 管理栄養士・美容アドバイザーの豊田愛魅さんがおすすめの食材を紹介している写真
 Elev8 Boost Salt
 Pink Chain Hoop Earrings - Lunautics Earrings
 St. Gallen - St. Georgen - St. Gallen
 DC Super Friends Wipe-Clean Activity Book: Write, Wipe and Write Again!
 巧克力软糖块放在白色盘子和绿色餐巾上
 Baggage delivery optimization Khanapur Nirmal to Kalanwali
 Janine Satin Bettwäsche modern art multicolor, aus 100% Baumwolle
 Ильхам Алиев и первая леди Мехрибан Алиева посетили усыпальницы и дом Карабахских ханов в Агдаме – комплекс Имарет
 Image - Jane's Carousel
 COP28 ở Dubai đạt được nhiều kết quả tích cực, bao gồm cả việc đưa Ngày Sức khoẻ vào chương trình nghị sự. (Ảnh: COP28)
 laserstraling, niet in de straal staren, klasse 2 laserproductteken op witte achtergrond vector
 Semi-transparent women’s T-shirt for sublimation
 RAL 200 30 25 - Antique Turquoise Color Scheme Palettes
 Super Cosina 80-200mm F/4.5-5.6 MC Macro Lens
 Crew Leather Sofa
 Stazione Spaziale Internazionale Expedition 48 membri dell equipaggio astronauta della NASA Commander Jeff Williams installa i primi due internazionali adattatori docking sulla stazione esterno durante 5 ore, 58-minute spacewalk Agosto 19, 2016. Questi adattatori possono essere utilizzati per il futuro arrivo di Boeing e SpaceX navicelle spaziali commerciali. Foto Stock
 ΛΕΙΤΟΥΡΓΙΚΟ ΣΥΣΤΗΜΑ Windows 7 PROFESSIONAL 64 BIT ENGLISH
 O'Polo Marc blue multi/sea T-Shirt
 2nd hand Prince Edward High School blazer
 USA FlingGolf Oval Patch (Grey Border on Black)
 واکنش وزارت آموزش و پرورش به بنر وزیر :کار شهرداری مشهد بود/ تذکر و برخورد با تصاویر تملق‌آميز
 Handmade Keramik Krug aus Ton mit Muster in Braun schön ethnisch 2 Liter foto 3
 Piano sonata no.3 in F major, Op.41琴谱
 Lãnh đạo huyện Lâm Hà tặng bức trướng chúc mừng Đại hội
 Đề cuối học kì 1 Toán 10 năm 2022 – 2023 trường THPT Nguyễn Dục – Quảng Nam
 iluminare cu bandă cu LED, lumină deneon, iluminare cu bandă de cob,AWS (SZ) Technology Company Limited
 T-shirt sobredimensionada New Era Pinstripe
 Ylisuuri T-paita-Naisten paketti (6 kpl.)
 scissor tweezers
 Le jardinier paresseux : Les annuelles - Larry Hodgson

══════

**Task statement**. Search the data above for the word "Super", then gather each line in which it appears.

**Response to the task**.
 DC Super Friends Wipe-Clean Activity Book: Write, Wipe and Write Again!
 Super Cosina 80-200mm F/4.5-5.6 MC Macro Lens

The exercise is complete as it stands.